### Given material
-------

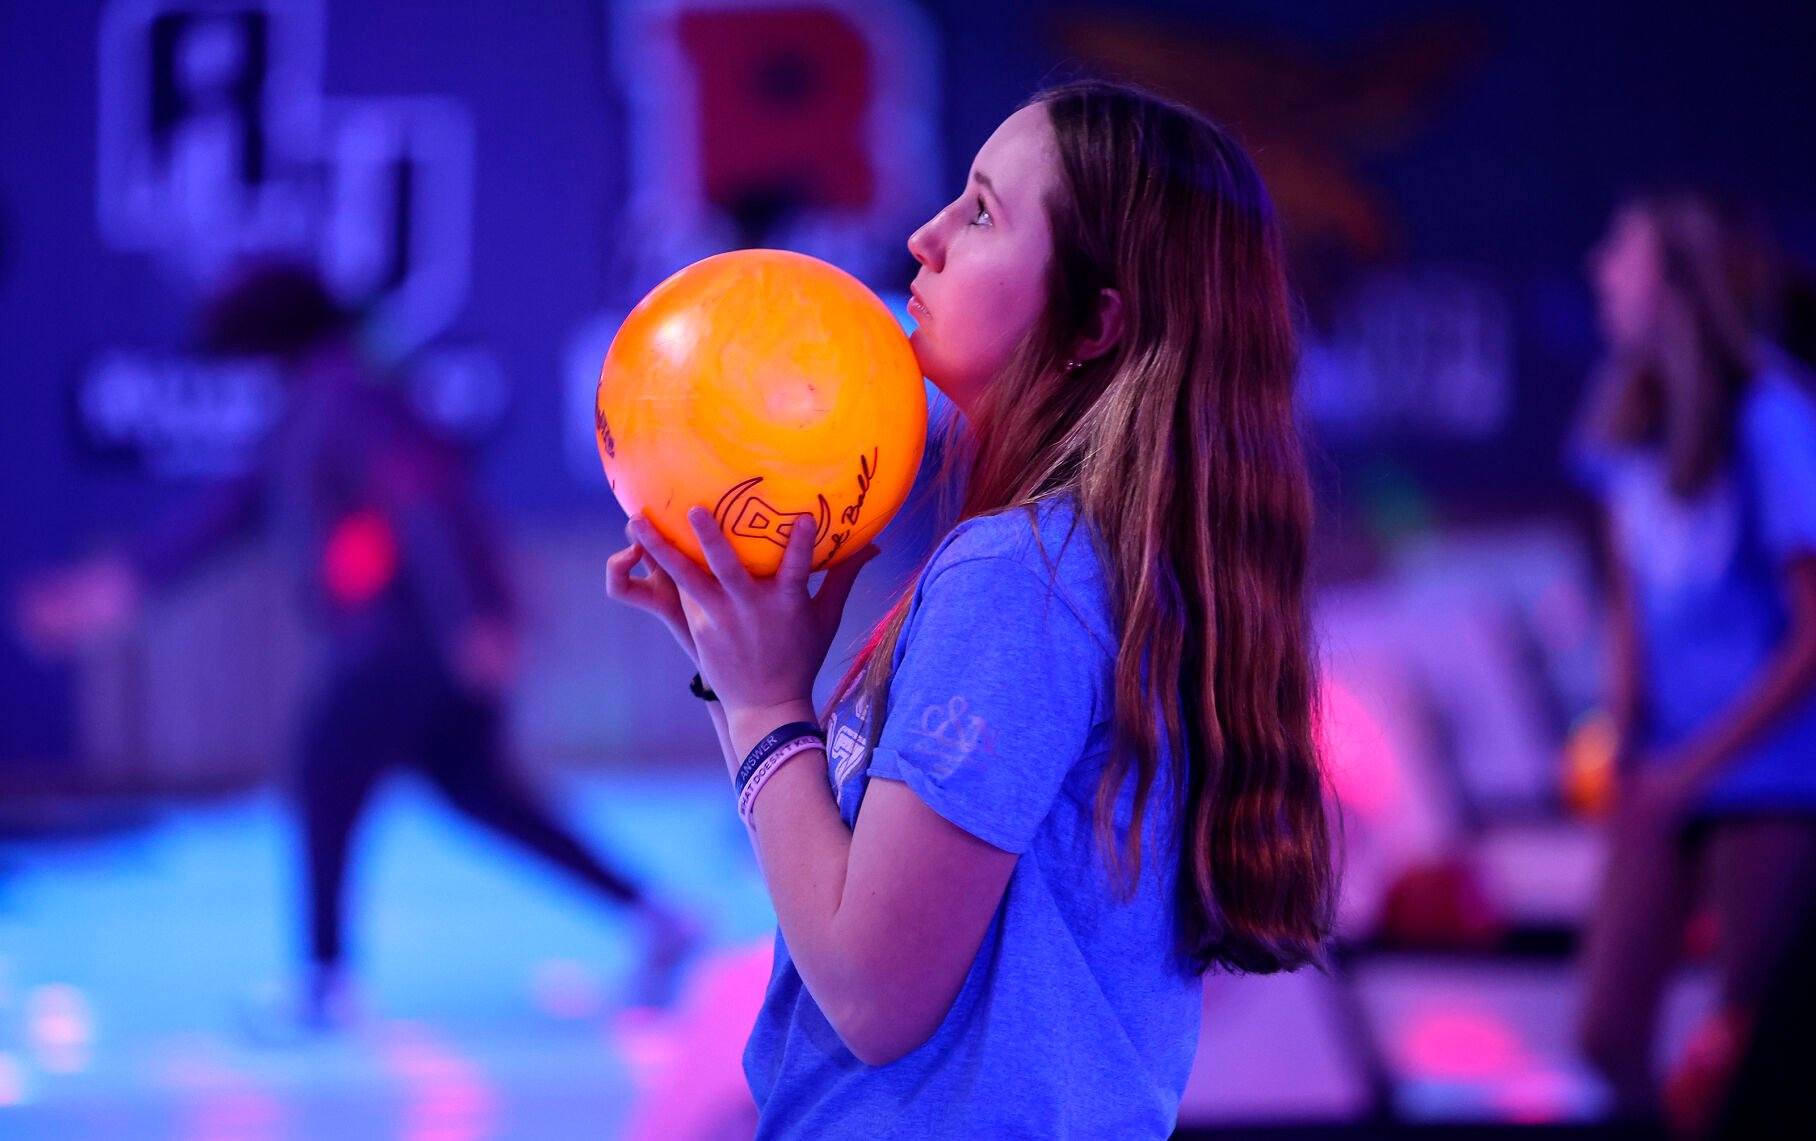 Galena Middle School student Leah Heller looks up at her score before throwing the ball at Pioneer Lanes.    PHOTO CREDIT: Dave Kettering
Telegraph Herald
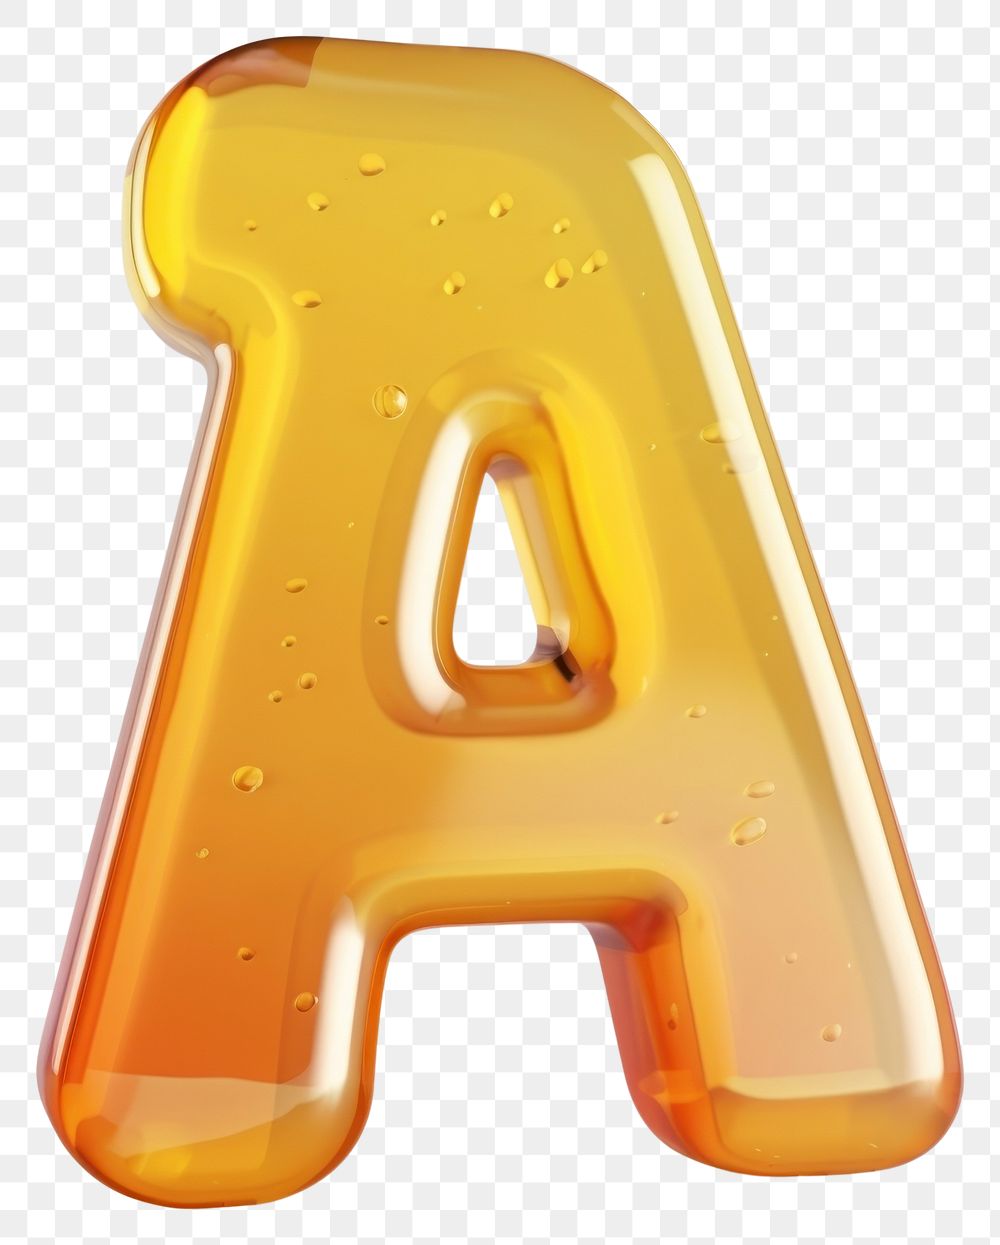 Letter A yellow number symbol.

-------

Without the pictures, copy the material exactly as given.

### Solution
 Galena Middle School student Leah Heller looks up at her score before throwing the ball at Pioneer Lanes.    PHOTO CREDIT: Dave Kettering
Telegraph Herald
 Letter A yellow number symbol.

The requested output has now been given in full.